(Data to examine Opens)

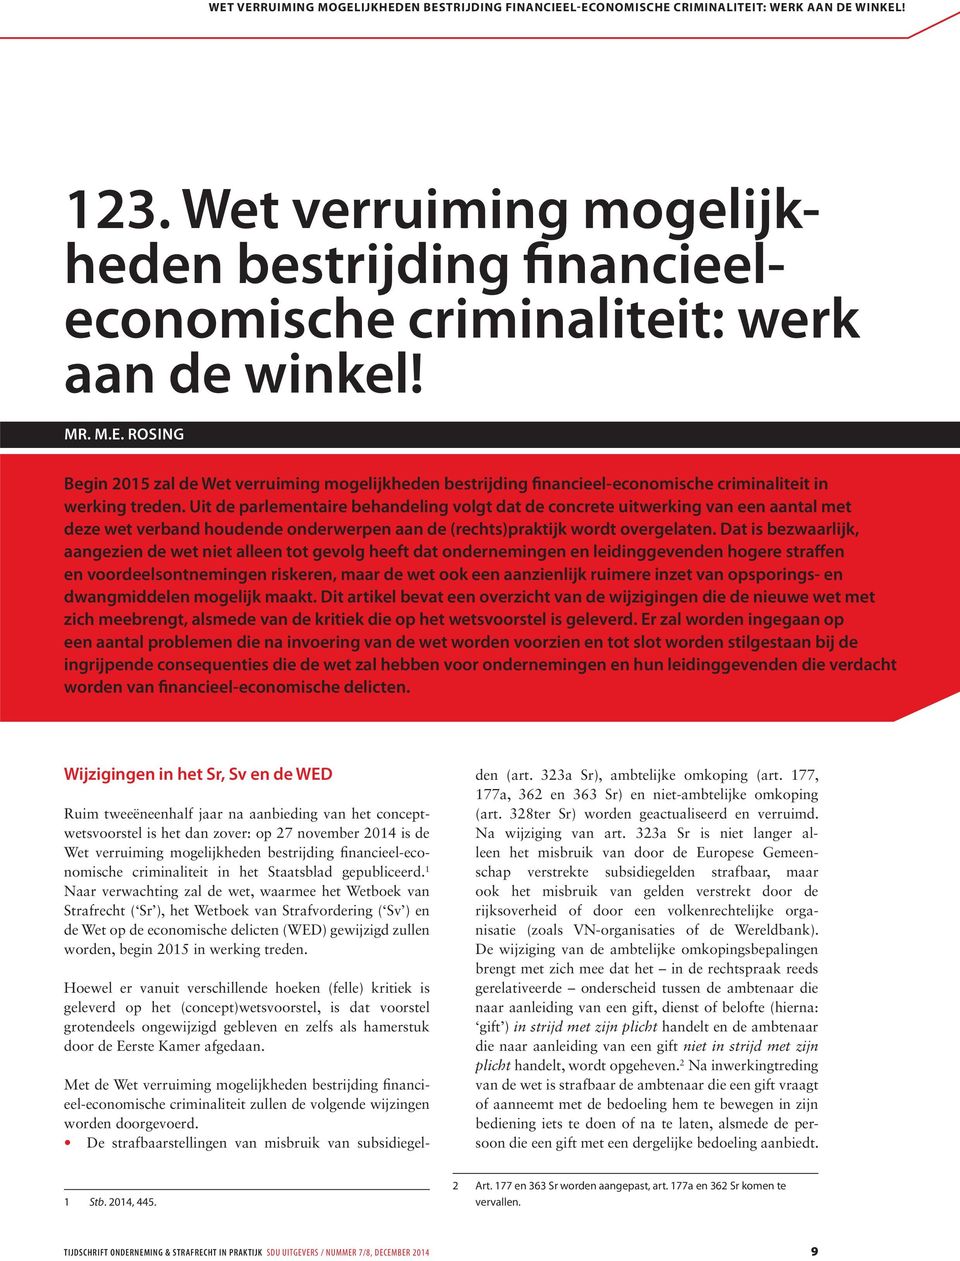 Rosing Begin 2015 zal de Wet verruiming mogelijkheden bestrijding financieel-economische criminaliteit in werking treden.
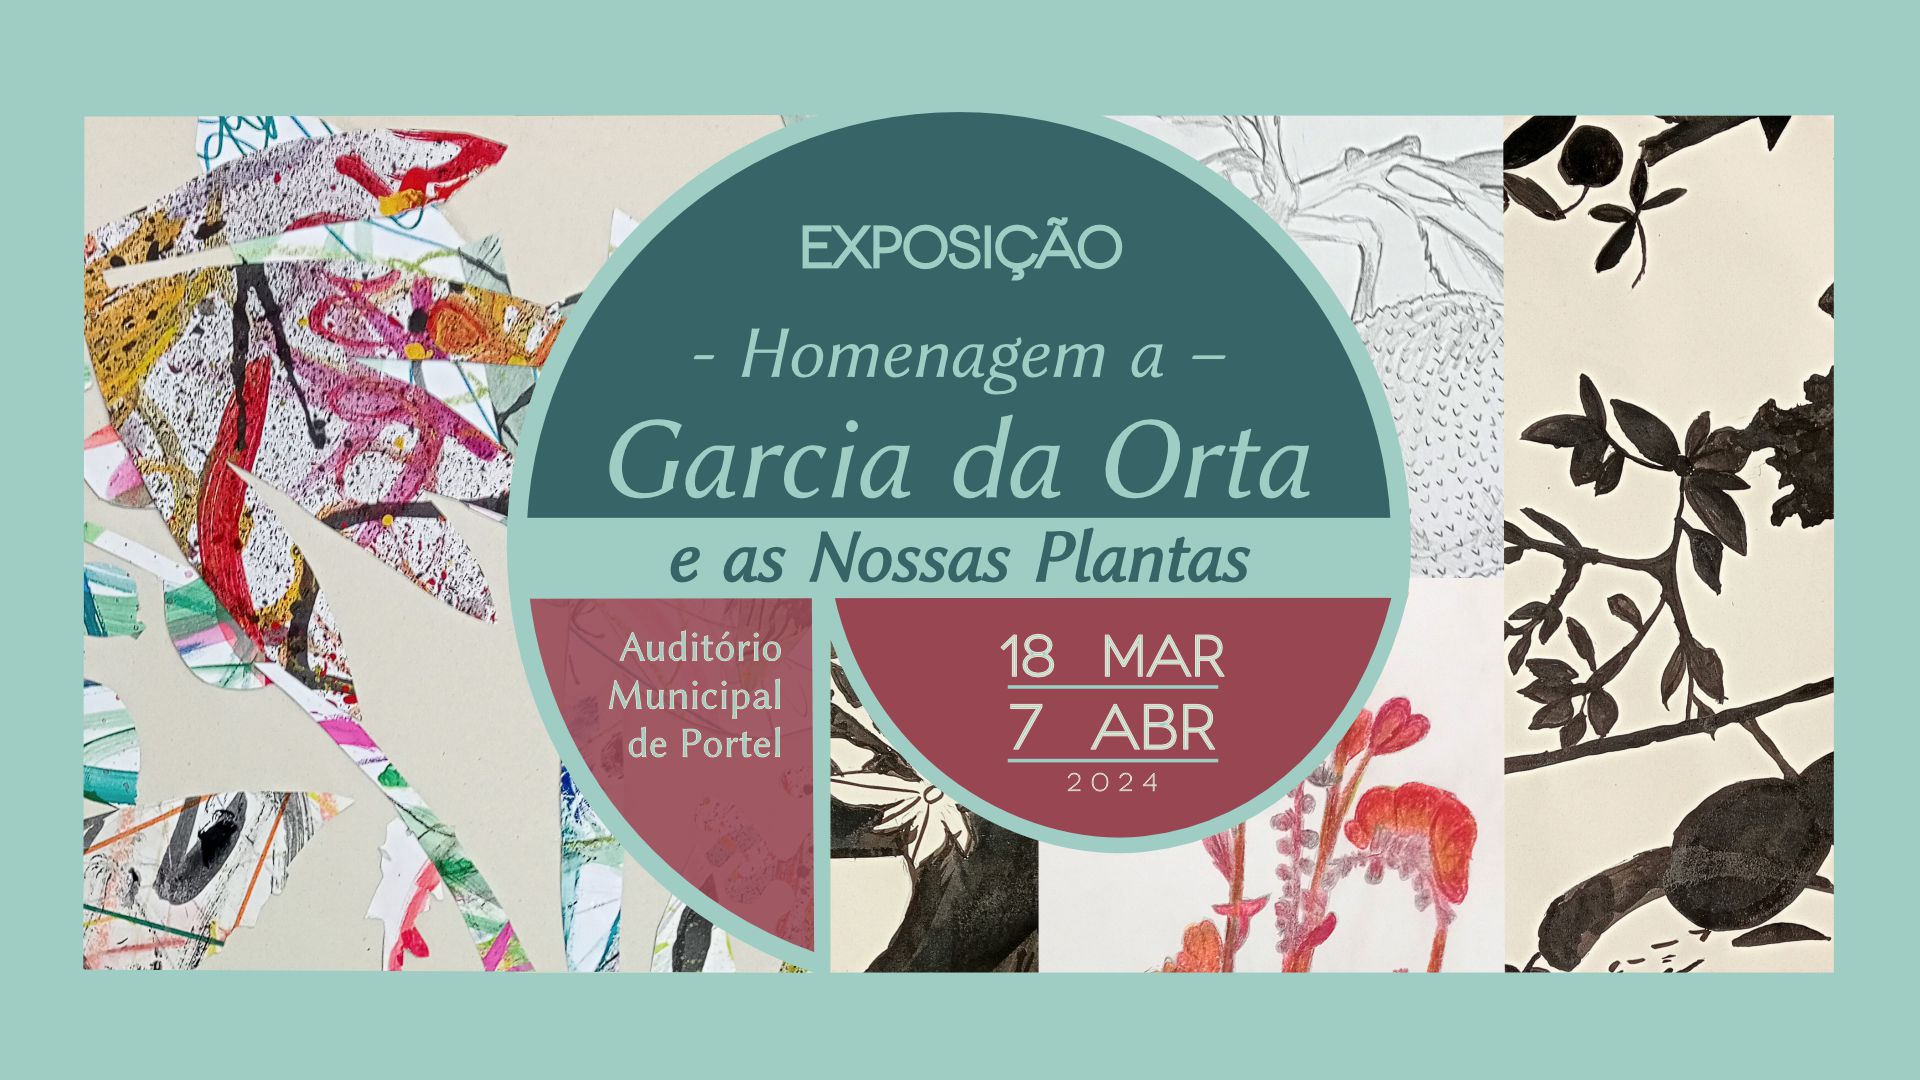 Exposição Homenagem a Garcia da Orta e as Nossas Plantas
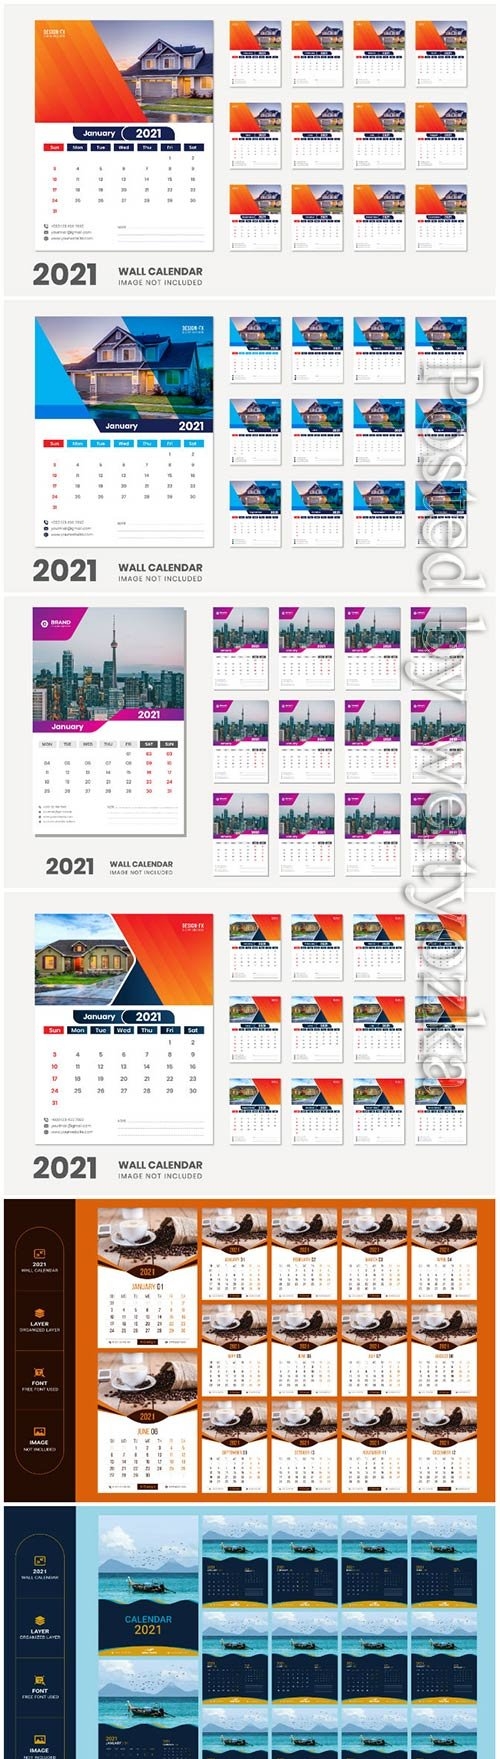 2021 desk calendar - 12 months included
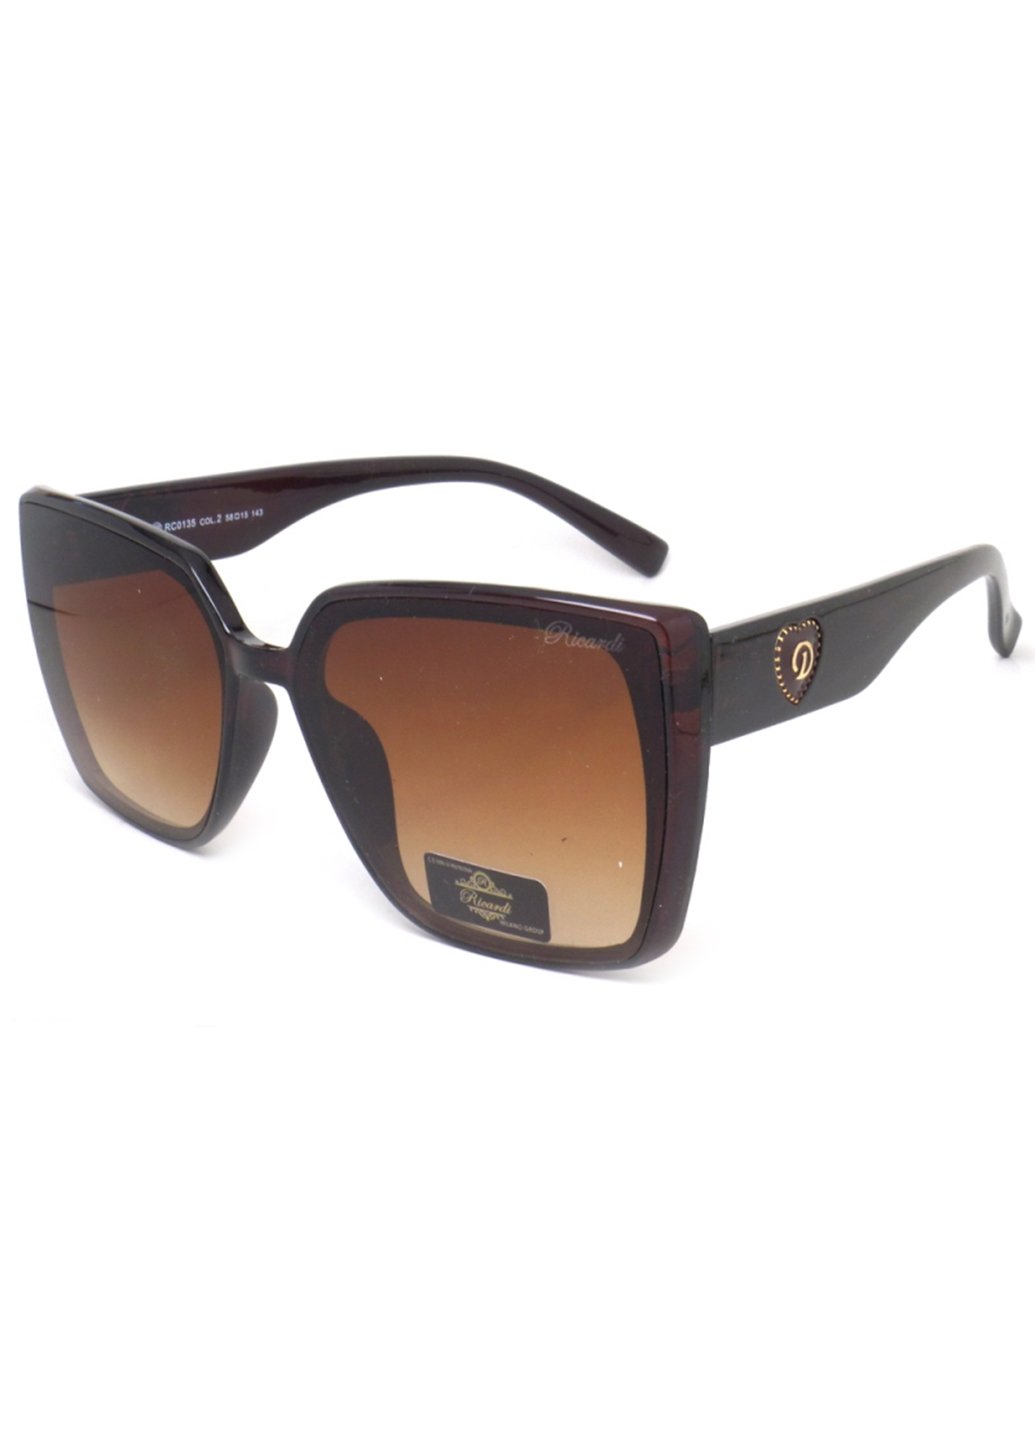 Купить Женские солнцезащитные очки Ricardi RC0135 110015 - Коричневый в интернет-магазине
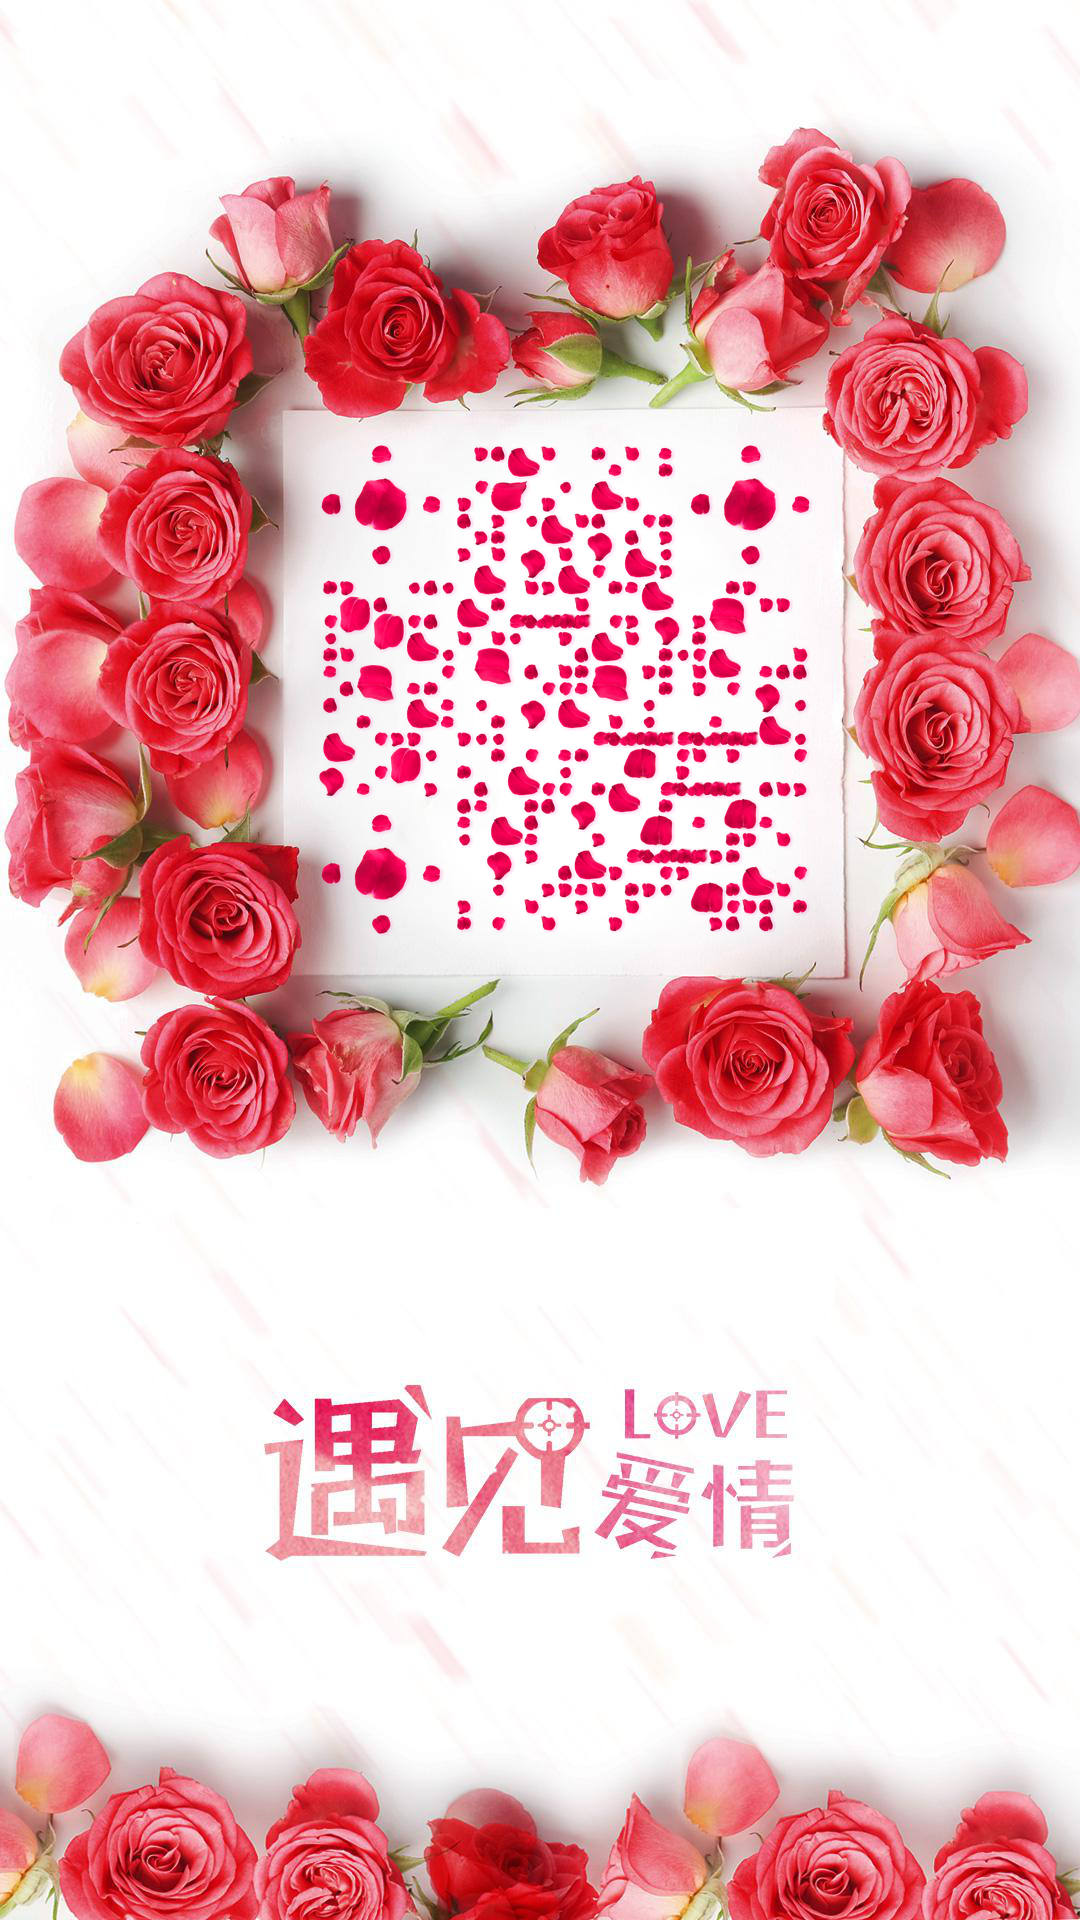 遇见爱情情人节平铺粉色玫瑰花瓣二维码生成器-平面静态-手机壁纸

(Data to examine Closes)

### Description of the task
Could you repeat, exactly and with nothing else, the lines from the first line of the records through the line containing "Купить Женские солнцезащитные"? Leave out the pictures.

### Task solution
 Rosing Begin 2015 zal de Wet verruiming mogelijkheden bestrijding financieel-economische criminaliteit in werking treden.
 Exposição Homenagem a Garcia da Orta e as Nossas Plantas
 2021 desk calendar - 12 months included
 Купить Женские солнцезащитные очки Ricardi RC0135 110015 - Коричневый в интернет-магазине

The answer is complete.